Once the stack is in the running state, log in to the Hadoop client:

$ sudo ferry ssh sa-bfa98eda

Afterwards, run a simple Hadoop job:

$ /service/runscripts/test/test01.sh hive

Terminating the Cluster

If you want to stop your cluster, just type:

$ sudo ferry stop sa-bfa98eda

You can restart the same cluster by typing:

$ sudo ferry start sa-bfa98eda

Once you’re finished, you can delete the entire cluster by typing:

$ sudo ferry rm sa-bfa98eda

This will remove all the resources associated with the cluster. Be warned, however, that doing so will delete all the data associated with the cluster!.

Future Features

There are a few features that aren’t quite implemented yet.

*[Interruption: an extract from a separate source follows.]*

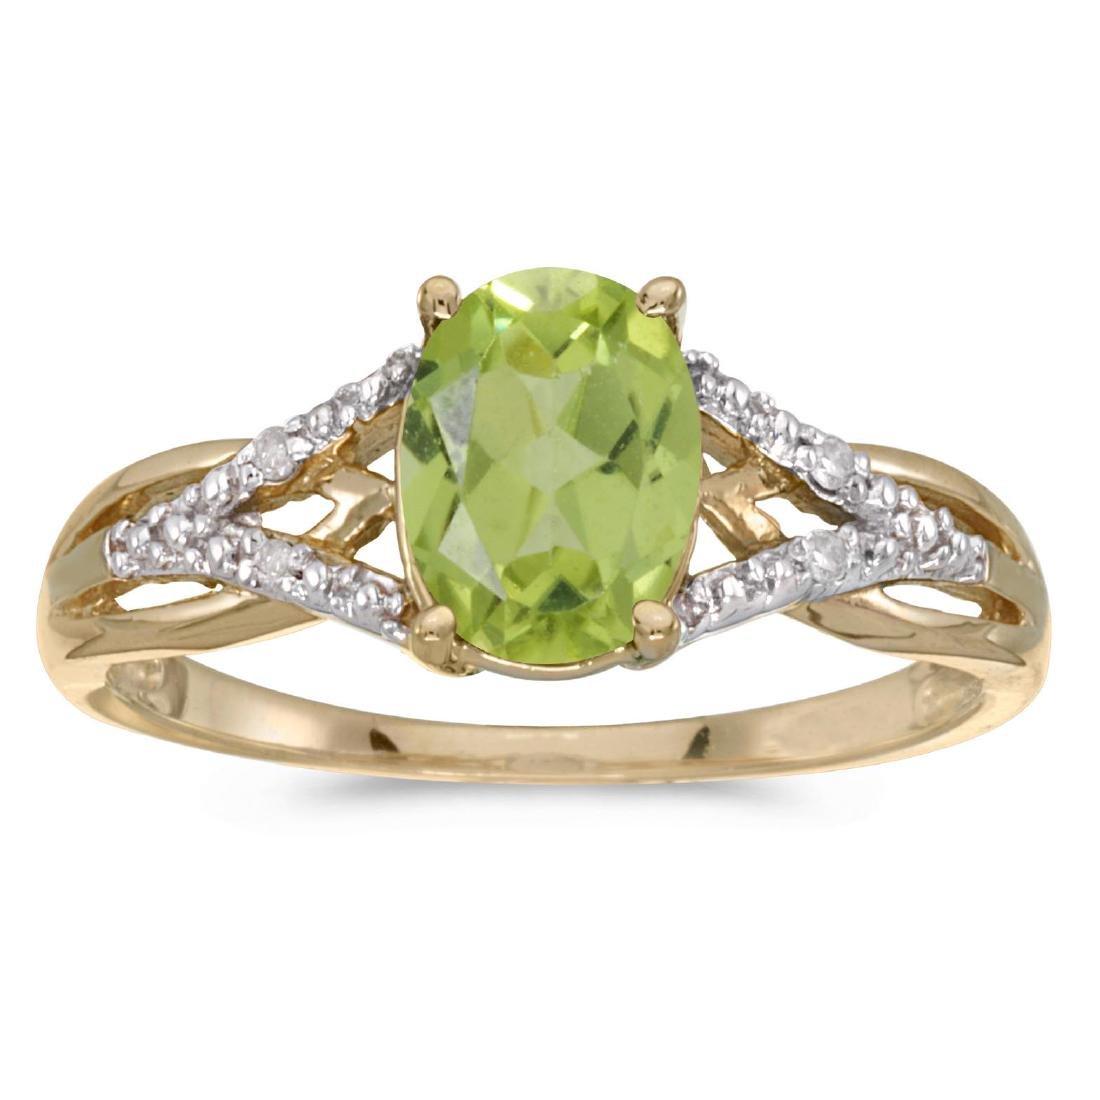 Certified 10k Yellow Gold Oval Peridot And Diamond Ring
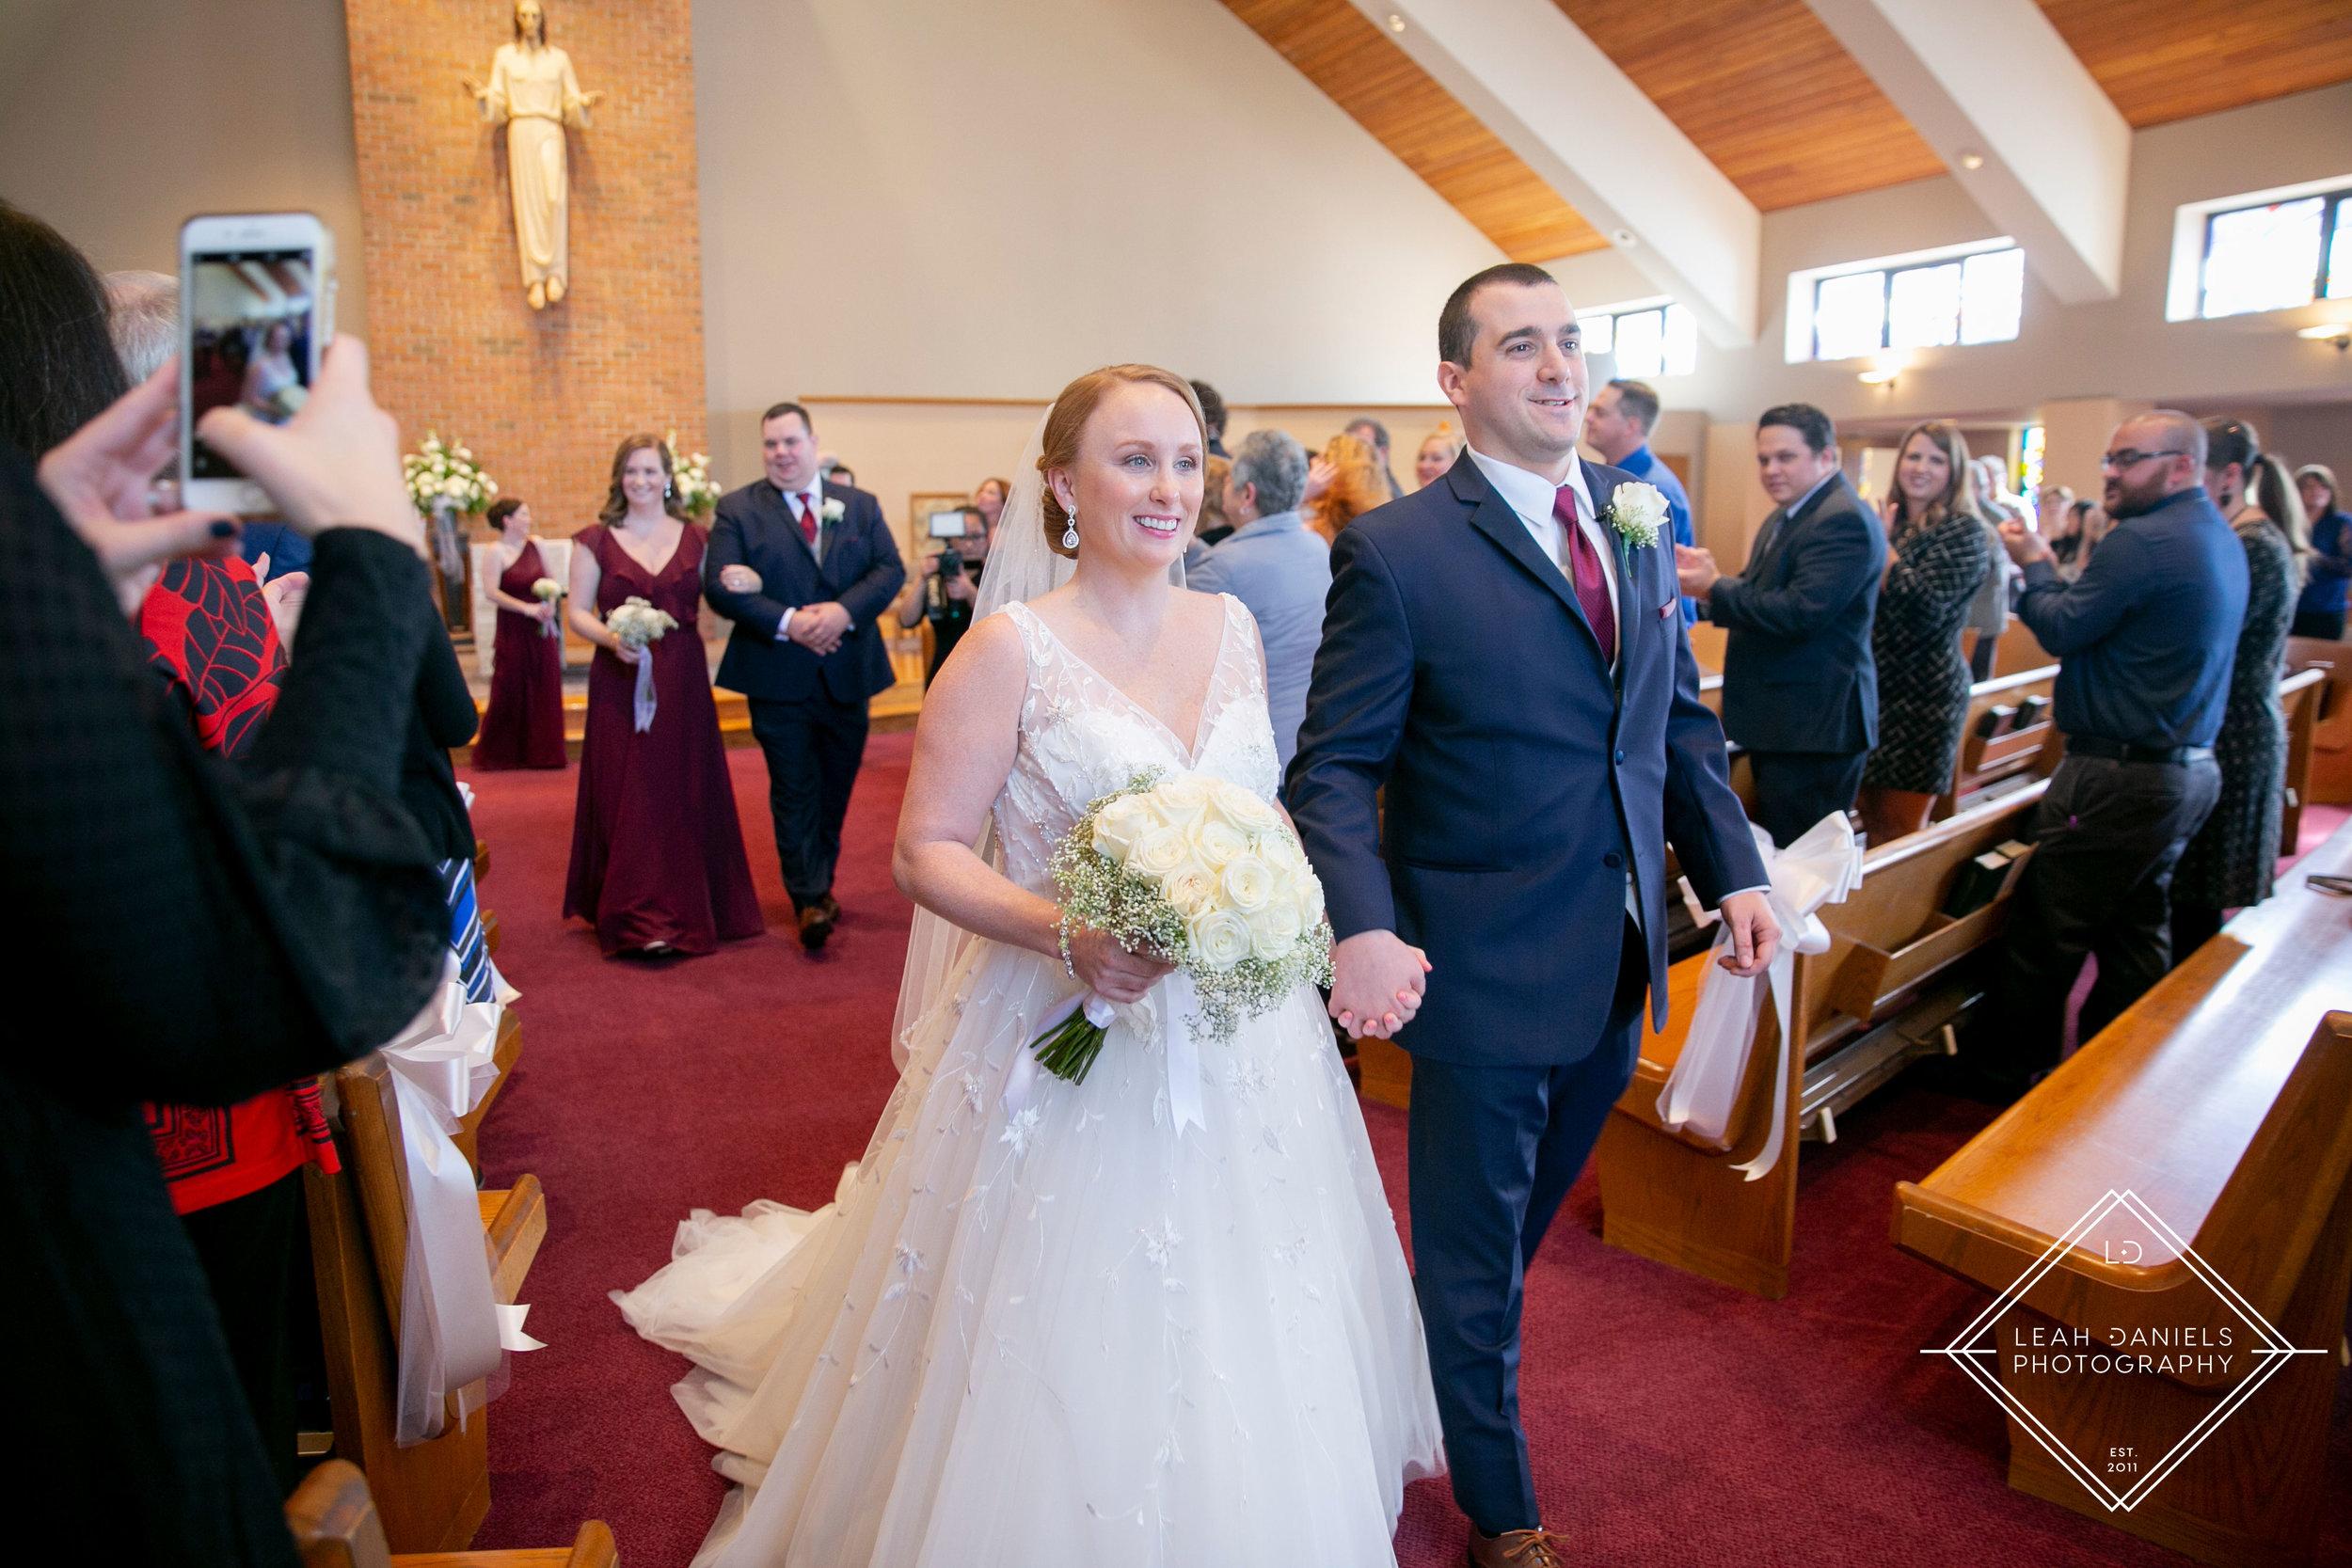 Scranton Wedding Photography - Just married

  1. Spot instance support. All instances are currently allocated in an on-demand manner.
  2. Heterogeneous instance types. At the moment, all instances use the same instance type.
  3. Resizing clusters. Once a cluster is created, the size of the cluster is fixed.

If any of these features are particularly important to you, please consider contributing.